Inference is the process of combining model with data to obtain insights, in the form of probability distributions over values of interest. Bean Machine offers a powerful and general inference framework to enable fitting arbitrary models to data.

Our model makes use of both continuous and discrete random variables. We'll want to make use of different inference strategies for each. In particular, we would like to take advantage of gradient information for the continuous random variables. To facilitate this, Bean Machine provides the CompositionalInference class.
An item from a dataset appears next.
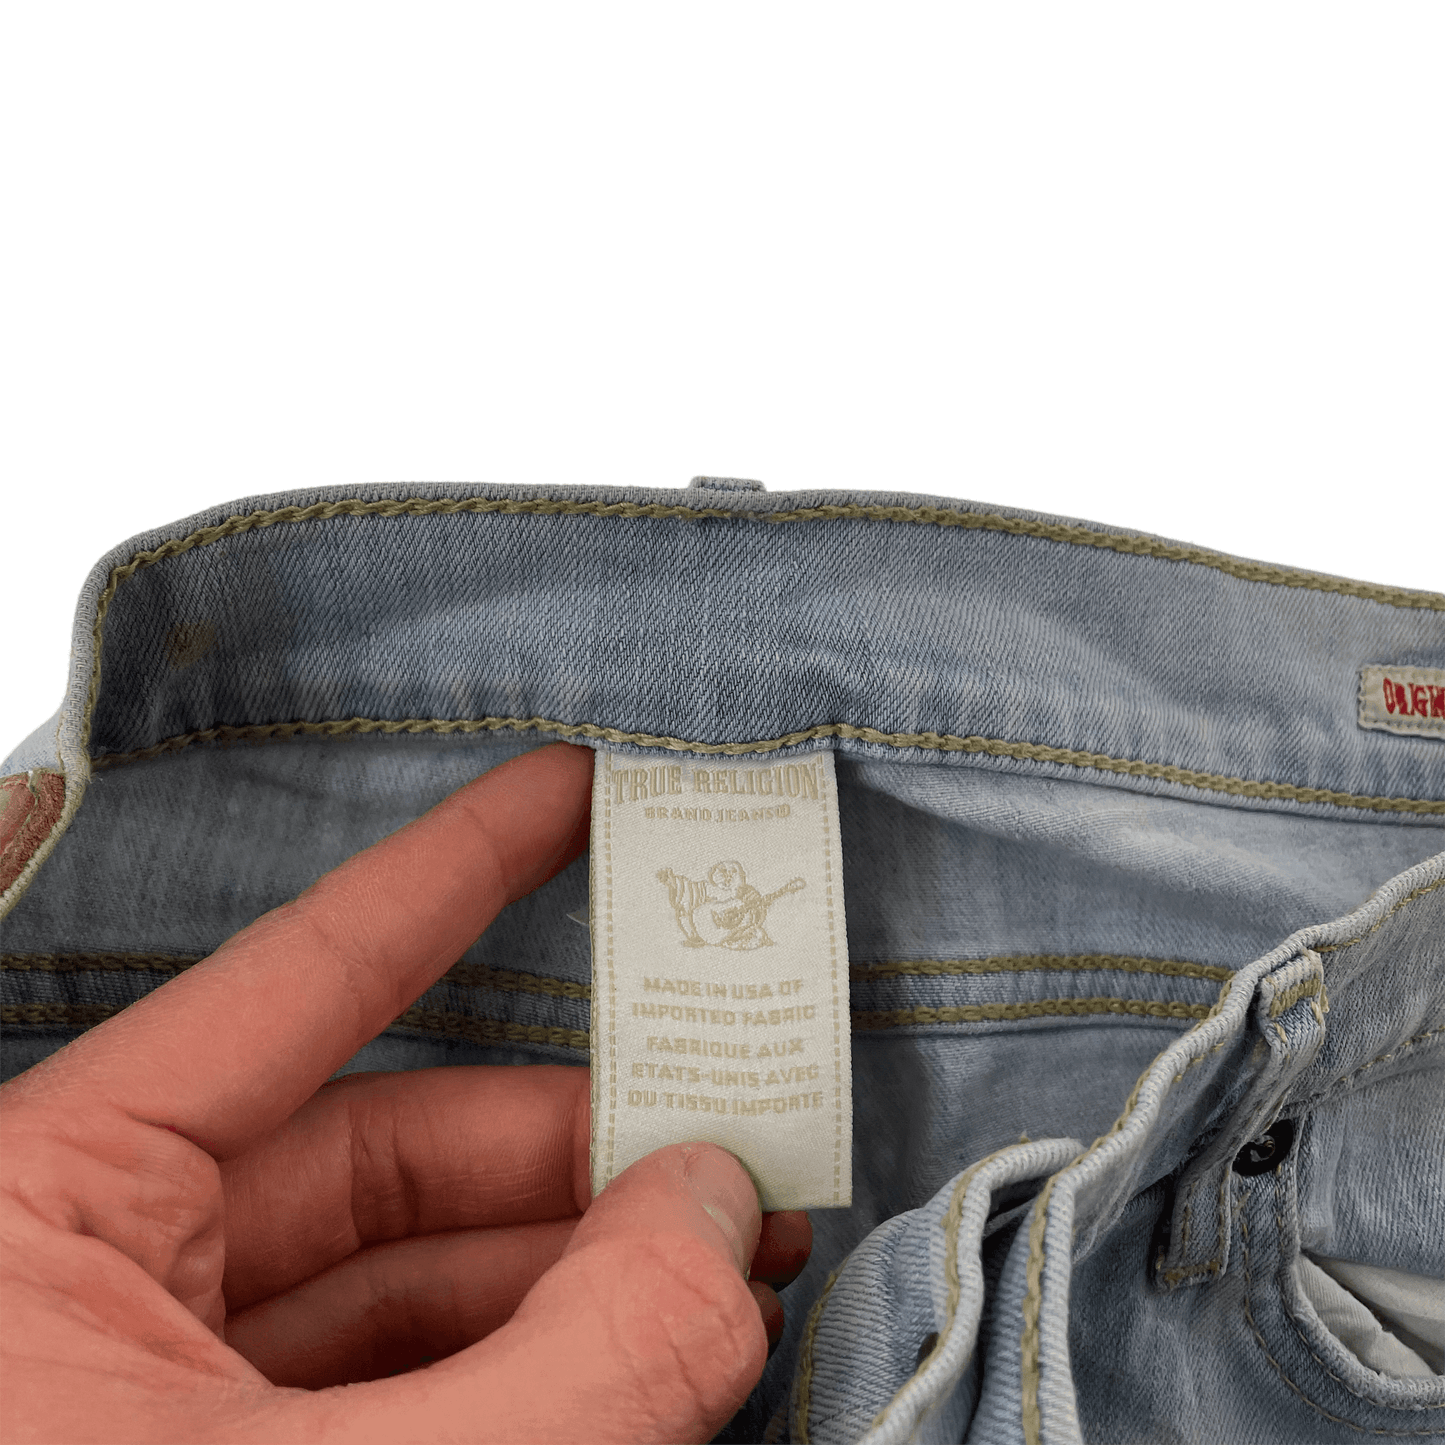 True religion big stitch jeans trousers W29 - Known Source

CompositionalInference is a powerful, flexible class for configuring inference in a variety of ways. By default, CompositionalInference will select an inference method for each random variable that is appropriate based on its support. The HMM presented in this tutorial has a number of different random variables that we're interested in learning about, and we will customize our own. The proposers for each family of random variables are summarized in the table below:

Random variable	Support	Inference method
$X$	$0,\ldots,K-1$	Uniform Metropolis Hastings
$\mu$	$(-\infty,\infty)$	Newtonian Monte Carlo (real space proposer)
$\sigma$	$[0,\infty)$	Newtonian Monte Carlo (half space proposer)

You can learn more about compositional inference in our framework topics.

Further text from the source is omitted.